Your husband is probably a monster. Drug him at dinner, and when he’s unconscious, strip his body naked. If he’s been “husked,” he will have the Mark of Corthar on his chest (see link). If he has the mark, cut off his head.
How long will this phase last?
Experts agree that the Age of Monsters is just getting started. There is no end in sight. This is simply the “new normal,” and we all have to accept it.
What do I do if I’m feeling overwhelmed?
Don’t beat yourself up about it. In these scary haunted times, it’s normal to occasionally feel stressed. If possible, try to carve out some daily “me” time. Maybe it’s a glass of wine in the bath while your daughter watches an educational cartoon in the next room? Maybe it’s a full bottle of whiskey on the roof while you fire your shotgun at the sky, screaming at the monsters to “just kill me already”? Regardless, it’s important to do what you can to manage your anxiety. Otherwise, you might end up “modeling” nervous behavior for your child, which could in turn cause her to experience stress of her own.
Or maybe you should just be straight with her.
What do you mean?
Maybe, when your child asks if something’s wrong, you should just tell her the truth: “Yes.

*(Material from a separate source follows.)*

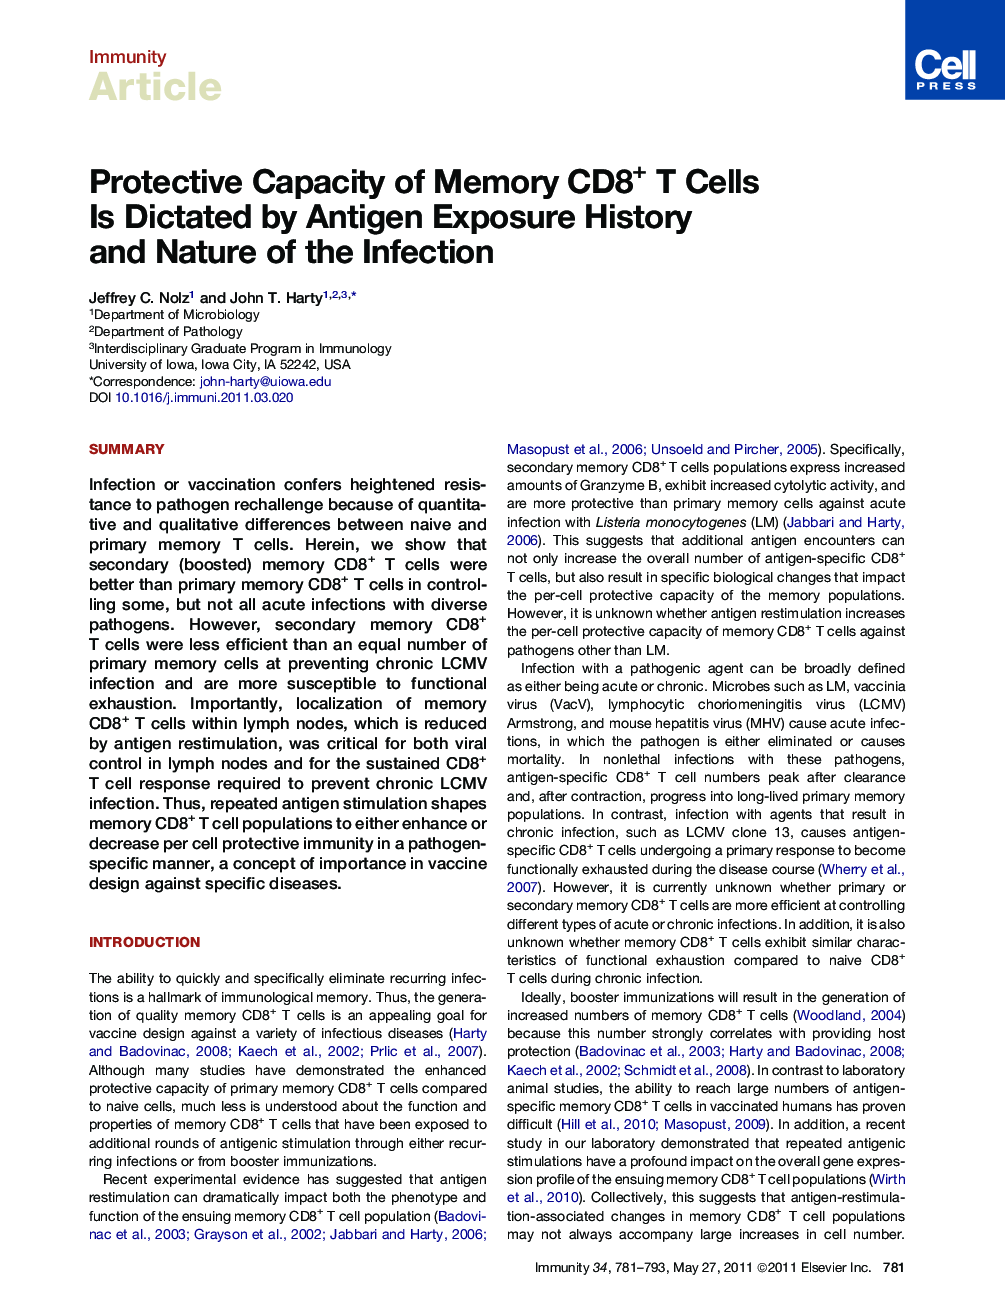 Protective Capacity of Memory CD8+ T Cells Is Dictated by Antigen Exposure History and Nature of the Infection

Something is very wrong. Monsters are real and they are out there everywhere, trying to kill us.”
Won’t that freak her out?
She’s freaked out already. And she should be. The world as we know it is over, and it’s never coming back.
So, what are you saying? What am I supposed to do? Just give up?
You could give up.
Or you could fight.
What are you talking about?
I’m talking about taking those monster bastards down.
Whoa, whoa, whoa—hold on. Isn’t that impossible?
Maybe. But isn’t it worth a shot? Isn’t it better than just sitting there, waiting to die?
I know. But you’re stronger than you think. You can do this.
Research the monsters. Learn their weaknesses. Develop a strategy. Stockpile weapons. Train obsessively. Strengthen your body and your mind.
And then what?
When the moment comes, look your child in the eye. Tell her that the stakes are high, but you’re not giving up. Tell her that you will do anything you can to protect her, and even though it’s possible you’ll fail, you’re going to fight for her with everything you’ve got. Tell her, “If these motherfucking monsters think that they can fuck with my family without me shooting them first in the face, they need to get their heads examined, because I’m going to come at them so fucking hard right now.” Watch the strength return to your child as she sees you’re in no way fucking around. Listen with pride as she vows to fight the monsters by your side. Look out the window and stare down the monsters together. Dare them to fuck with your family. Dare them to fuck with the people that you love. Take your child by the hand. Arm her to the teeth. Tell her you love her. Open the door.